It’s true. In my opinion Blogrush is now on fire - in the good way.
I just logged into my account and saw the new Dashboard. If you don’t have a Blogrush account, you should get one just to take a look at this thing.
Here’s the deal: you can now see your vital stats. at a glance. But even more importantly you can see which of your articles, or blog posts, is actually attracting any attention. After all, we all want our posts to be read by as many people as possible, don’t we? So it makes sense to optimize your titles to attract readers. So which titles do that?
If you’ve heard of split testing you can think of Blogrush and its new Dashboard as giving you a totally free and incredibly easy way to split test your headlines.
This is where the new Dashboard will show you the results. No guessing, you’ll know just by looking which post titles work and which don’t. I don’t want to spoil the effect of the Dashboard by telling you too much about it, but I’d recommend you sign up for Blogrush if you haven’t already done so.

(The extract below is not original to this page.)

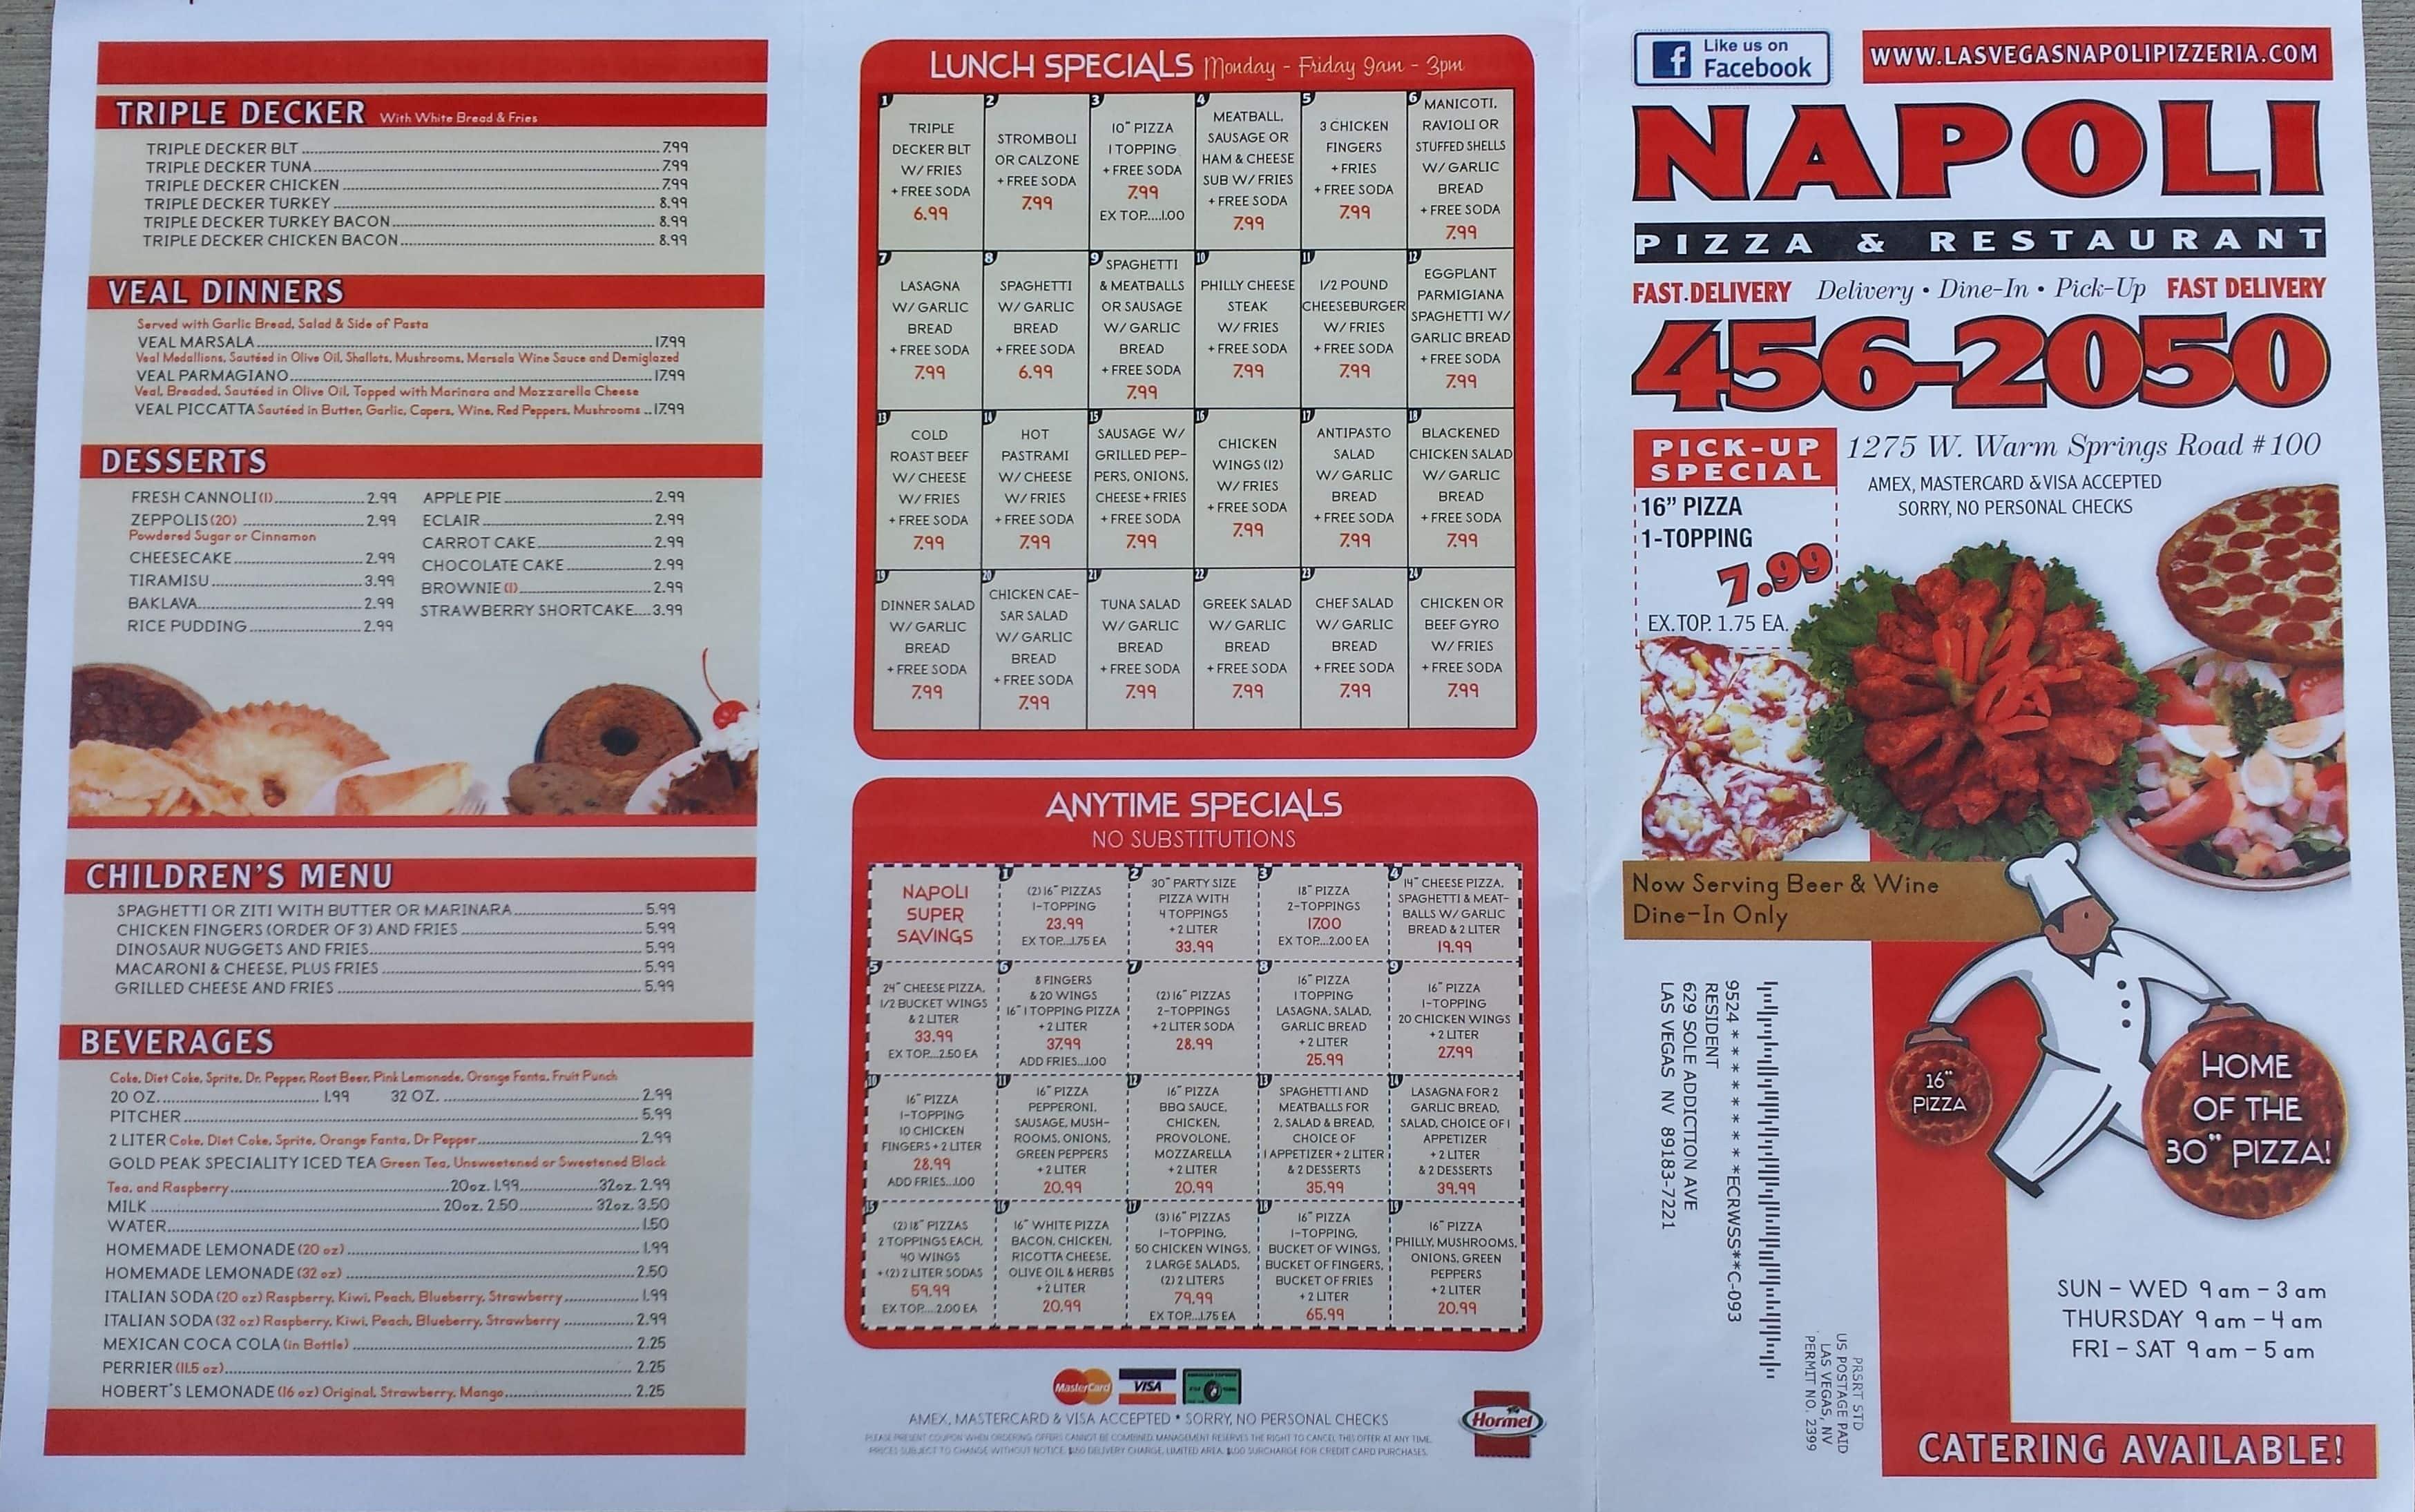 Napoli Pizza Restaurant Menu

John Reese has come in for a tremendous amount of criticism for the teething troubles with Blogrush when it first launched. But in my book it’s a good service and just for the ability to learn what post titles really pull in the visitors it would be worth paying for. Since it’s free, that’s even better!
If you want to test your post titles with Blogrush a simple way to do it is like this:
1) Create a blog entry with the first title. Publish and leave for a week.
2) Create a new blog entry with a new title. Make sure the first line of the entry starts the same as the previous entry. Publish and leave for a week.
Once you’ve got some stats. to view you can then use the impressions figure and the viewed figure to give you a hit rate percentage. The headline with the better hit rate is the winner and that becomes the one to beat. For example, if you had “Make more money by…” as your blog title it might perform better than “A study of ways to ameliorate the traffice performance of your website with metrics”. But you’d find out for sure once you’ve used the stats. in your dashboard. And because impressions don’t earn you money, visitors do, you want to convert as many impressions into visitors as you can.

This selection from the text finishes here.